When I’m done, I drop it to the floor and crush it into the stone floor with the heel of my boot.
Then I’m following Beaufort up the stairs, the boys still silent below us as if they daren’t speak.
Room seven is the first on the left.
Beaufort rests his ear against the door. “He’s in there,” he whispers, disapproval written all over his face. “You ready?”
I nod.
Beaufort takes a step backwards, lifts his arms and blasts the door clean away, the piece of wood flying from the doorway, through the room beyond and crashing against a window, glass and wood splintering everywhere.
My friend always likes to make an entrance.
A high-pitched scream issues from inside the room and when we step inside we find a couple in bed together, both scrambling around for clothes.
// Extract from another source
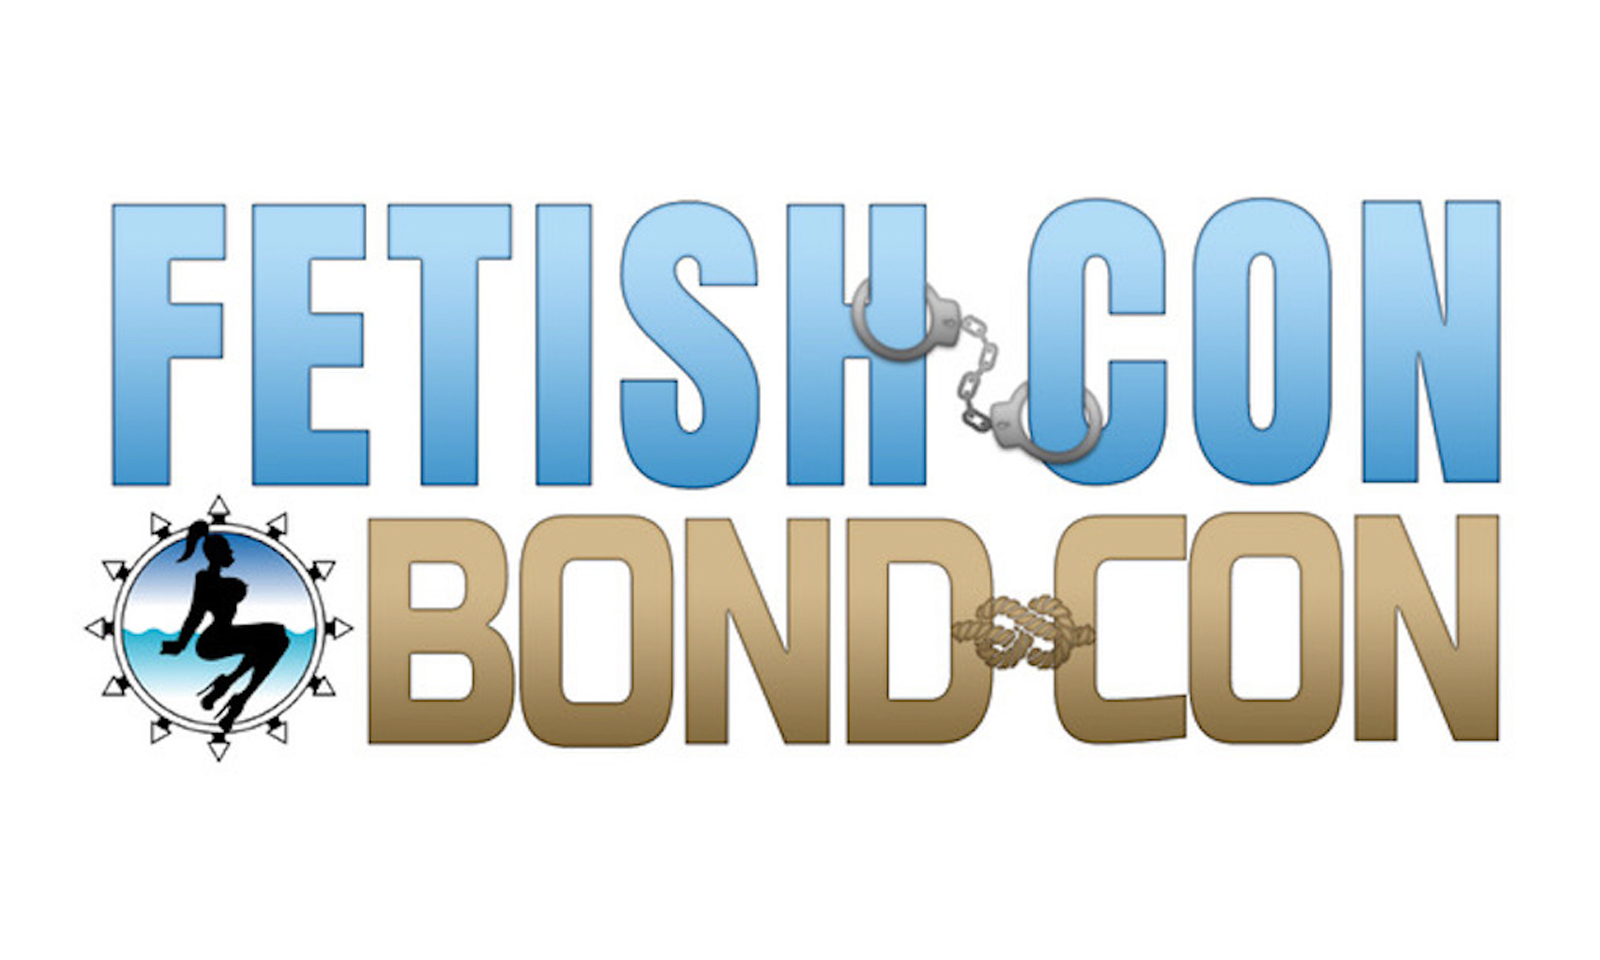 Bond Con Coming Back to Fetish Con
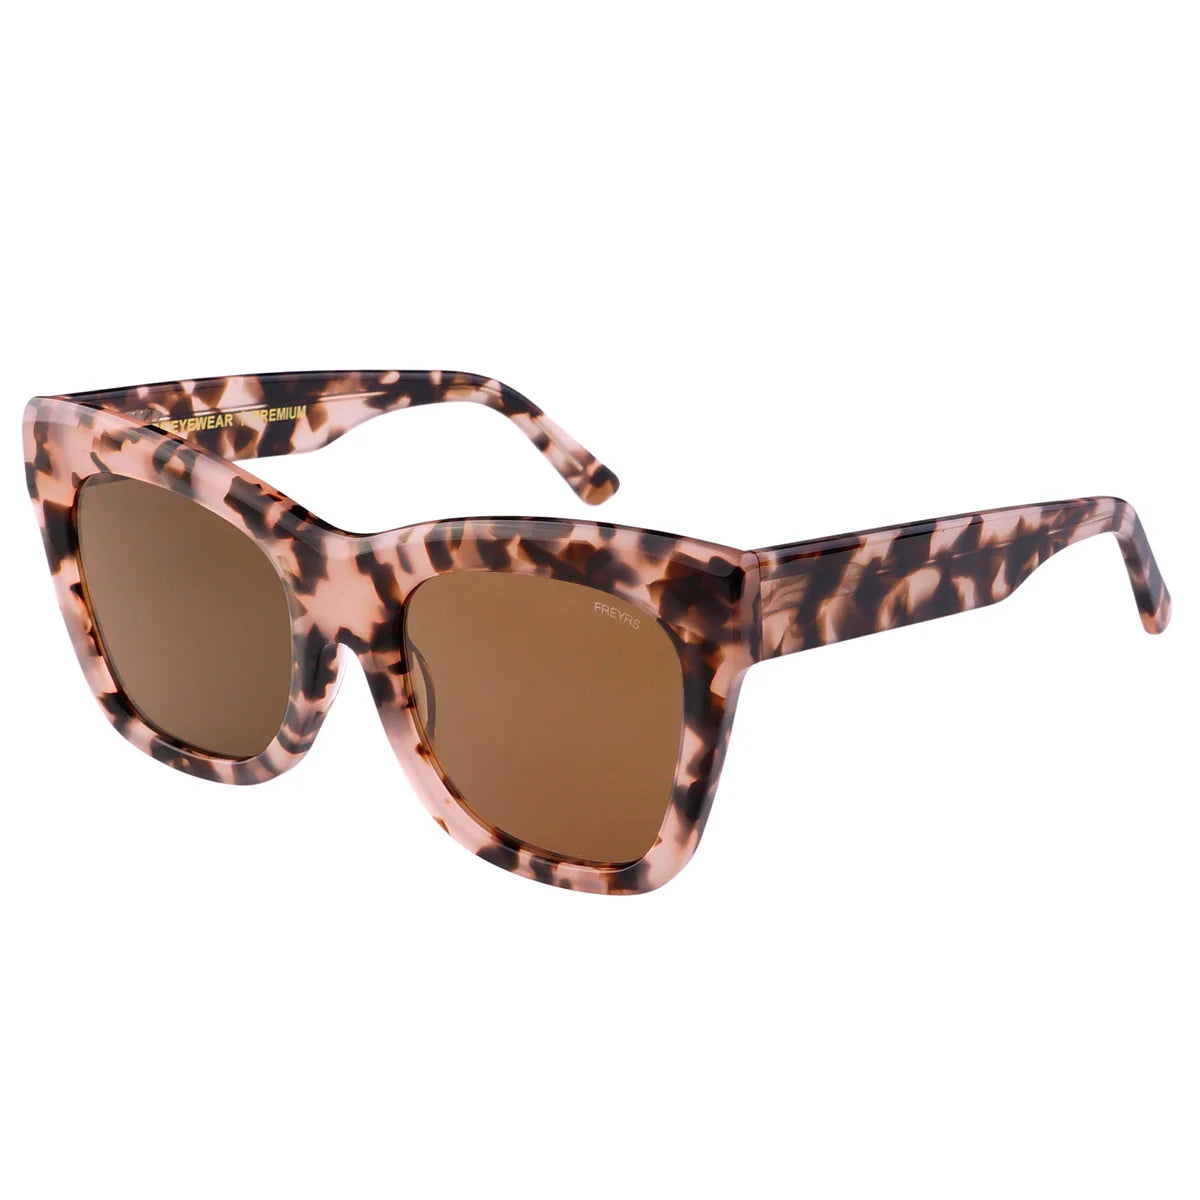 PALERMO Sunglasses in Pink Tortoise by Freyrs Eyewear

We don’t give them the chance to find any. I march straight over to the girl, some curvy thing with big blue eyes, grab ahold of her upper arm and drag her from the bed. She’s wearing panties and nothing else.
“Out!” I order her, flinging her in the direction of the door. Covering her tits with her arms, she scurries away, leaving the boy I assume is Stanley scrabbling to pull on a pair of boxers.
“What the hell,” he mutters.
He’s tall and built with a little muscle. Not as lean as most of the kids from Slate Quarter. Probably stronger than them which is why he’s been throwing his weight around. Although why the fuck he’d hurt our girl, I can’t understand.
“Stanley?” Beaufort asks him.
“Yeah,” he says, pulling a shirt over his head and trying to stand up tall as if he isn’t intimidated by us, when it’s clear he is.
My bond brother lifts his hands again and this time sends the asshole flying across the room and smashing into the broken wood and glass.
He hits the debris with an oof .
“Hey man, what I–”
Beaufort sends another blast of magic hurtling towards him, hitting him right in the belly. He groans, folding over in half.
“I don’t know what this is about but I–” he mutters.
Beaufort isn’t in the mood for talking. He targets him with a volley of vicious magic. It’s not enough to kill or maim. It is enough to hurt – possibly scar. The boy jolts around on the floor, moaning and groaning with every impact, curling up into a tight ball.
Beaufort stops, his shoulders heaving. He turns and looks at me.
“Want a go?” he asks.
“Yes,” I reply.
I walk over to the far side of the room, splinters of glass crunching under my boots, and grab hold of the boy by his neck. His eyes are swimming around in their sockets as he struggles to focus on our faces.
“Know who we are?” Beaufort asks him.
“Yeah, but I don’t know what–”
“The girl,” he says, as I squeeze his throat, “you don’t touch her ever again.”
“The girl?” his brow crinkles in genuine confusion. “That girl just now?”
“Briony Storm,” I tell him, liking the sound of her name in my mouth.
“Briony!” he says, eyebrows leaping up his forehead and a smirk forming on his lips. “This is about Briony? Man, she’s not worth–”
I swing back my fist and slam it right into his mouth. Despite my gloves, I feel a tooth crack against my knuckles and when I withdraw my hand, his mouth is full of blood.
“The black eye,” Beaufort growls from behind me. “You gave it to her. Only seems right that we repay the favor.”
I hit the boy again, this time right against his cheekbone. Tomorrow he’ll have a shiner blacker than the depths of night and everyone will know who gave it to him.